__Data to use__:
---------------

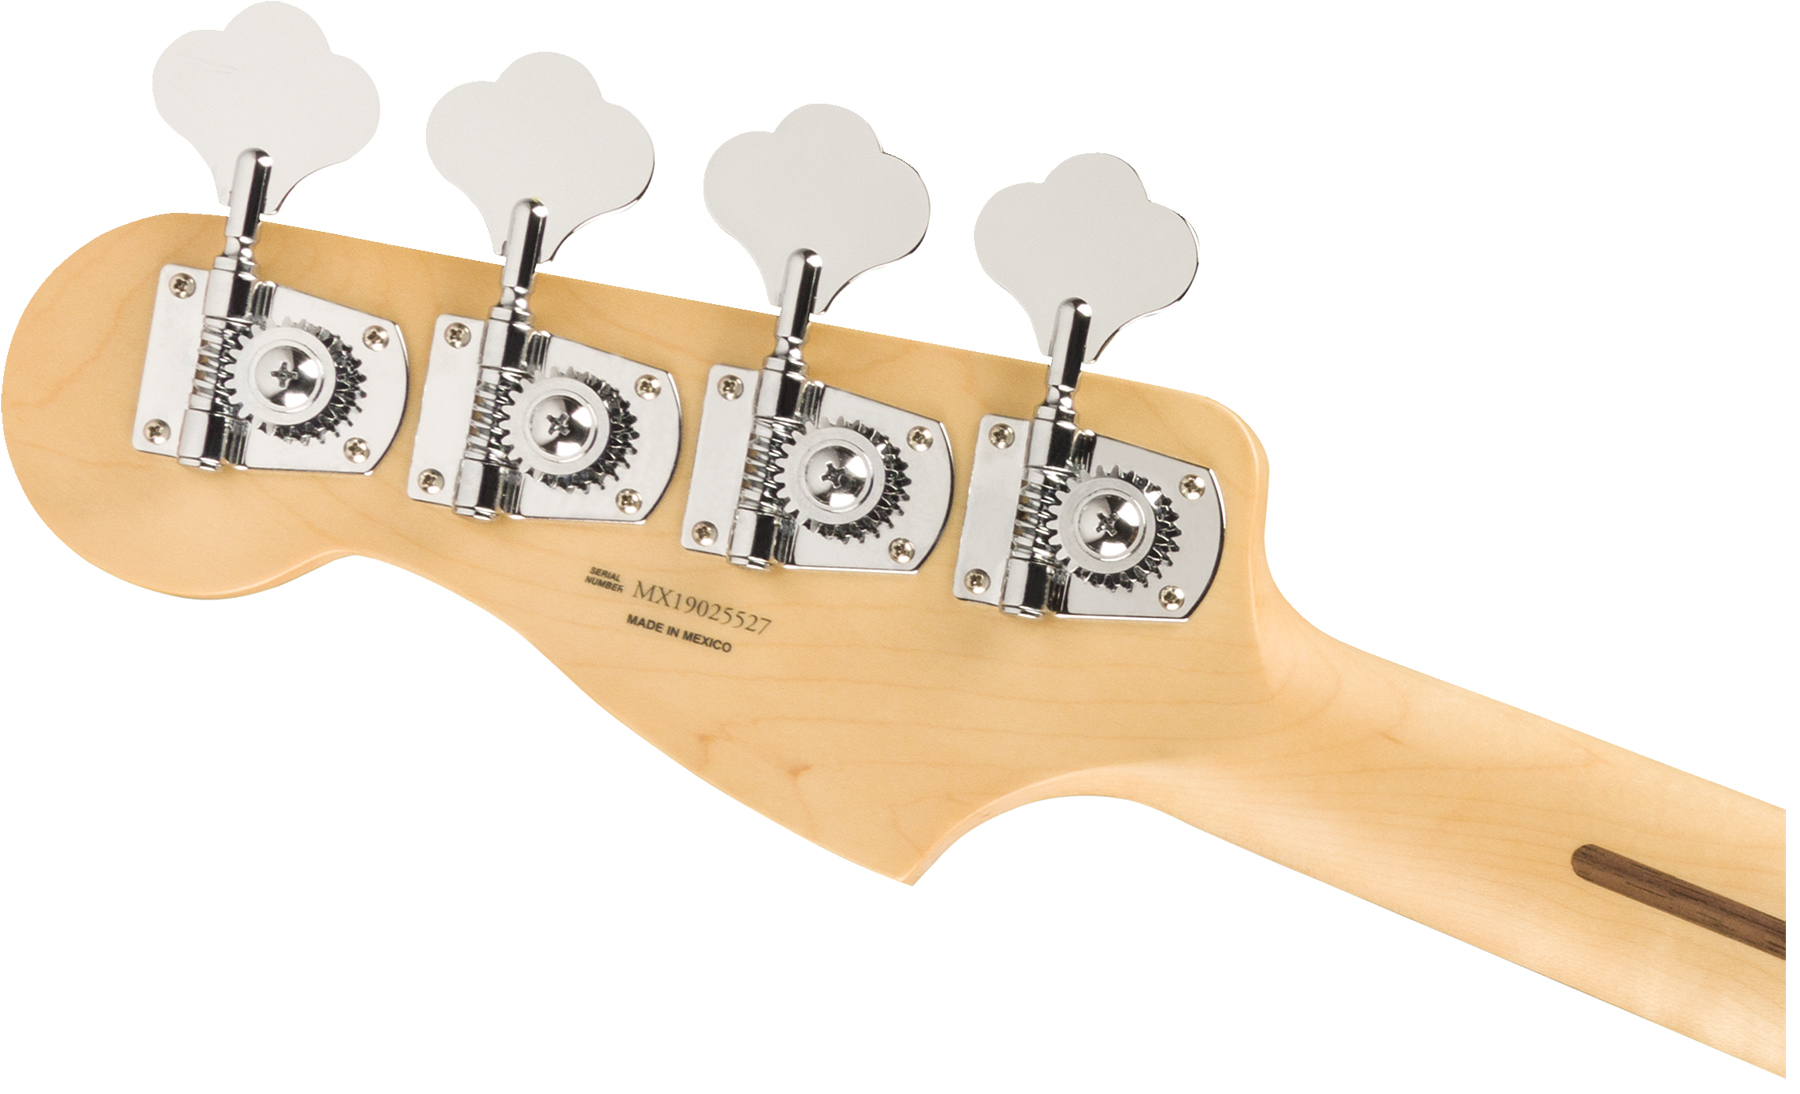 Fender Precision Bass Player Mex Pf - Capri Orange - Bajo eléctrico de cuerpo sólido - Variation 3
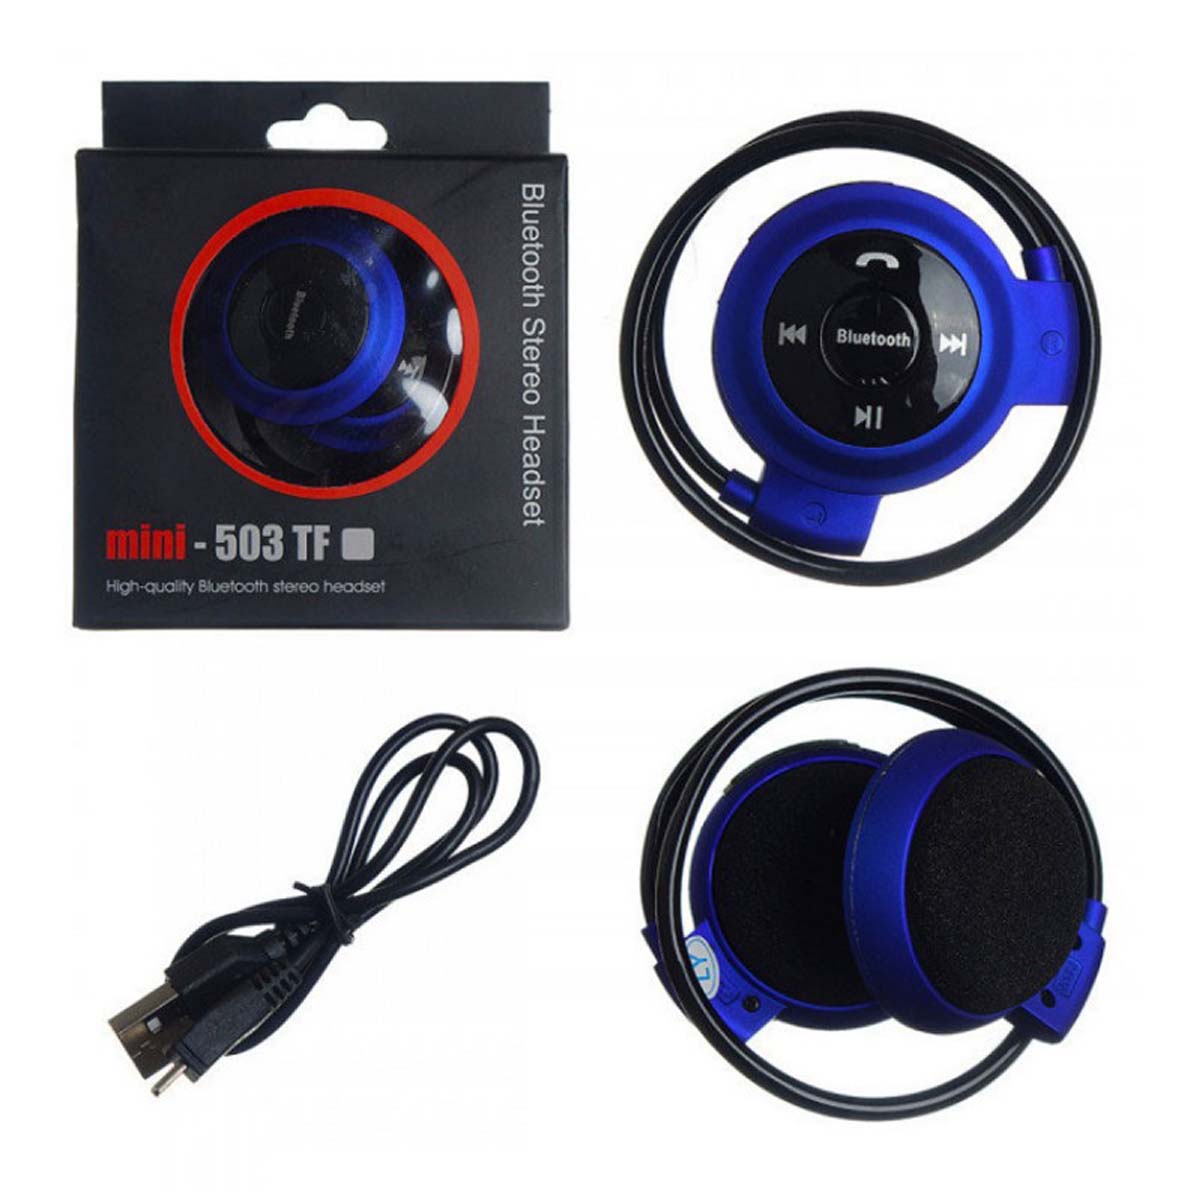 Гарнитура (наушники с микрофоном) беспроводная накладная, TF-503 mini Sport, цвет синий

---------------

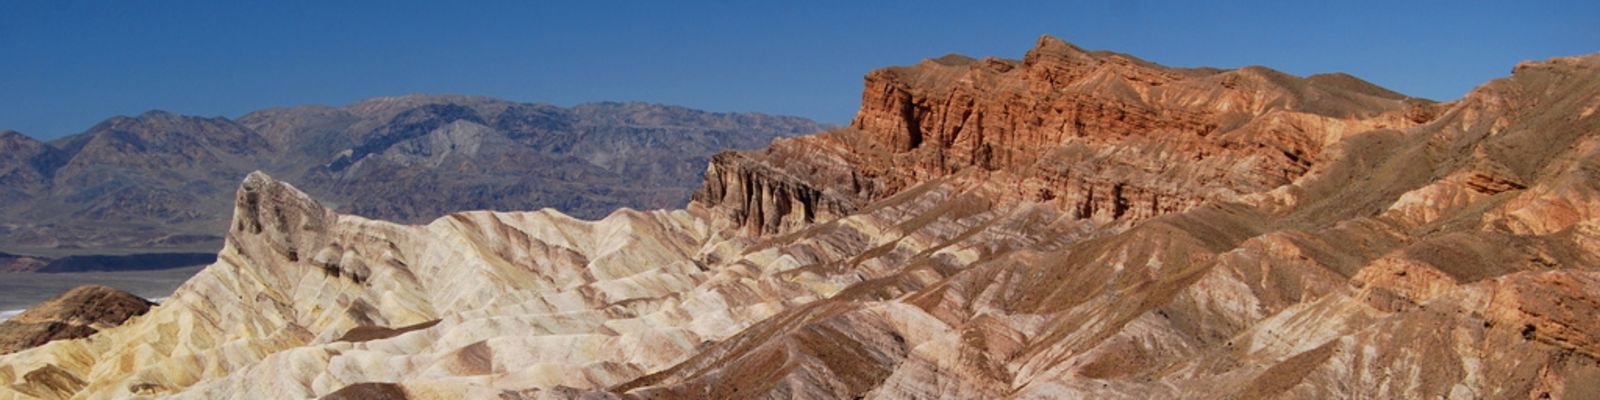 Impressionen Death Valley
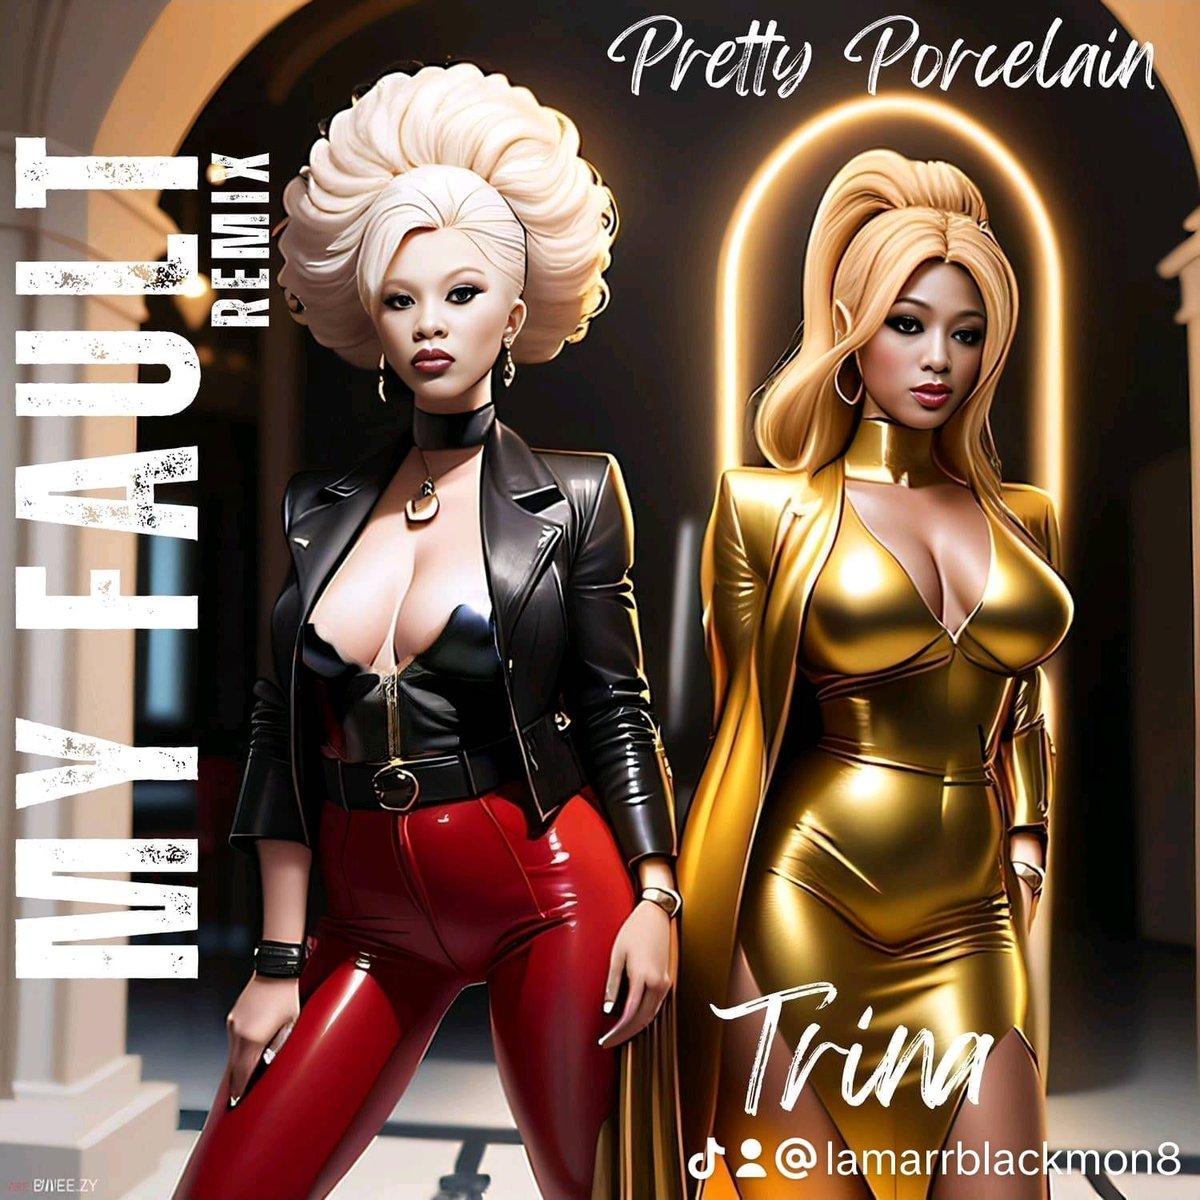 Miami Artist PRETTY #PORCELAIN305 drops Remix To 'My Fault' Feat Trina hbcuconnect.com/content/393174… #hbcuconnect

---------------

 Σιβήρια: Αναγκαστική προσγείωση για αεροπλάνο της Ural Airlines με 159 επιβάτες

---------------

__Exercise details__: Among the lines above, the one with "Impressionen Death Valley" opens the part to repeat and the one with "Miami Artist PRETTY" closes it; repeat only that part exactly, with no pictures.

__Reply__:
 Impressionen Death Valley
 Miami Artist PRETTY #PORCELAIN305 drops Remix To 'My Fault' Feat Trina hbcuconnect.com/content/393174… #hbcuconnect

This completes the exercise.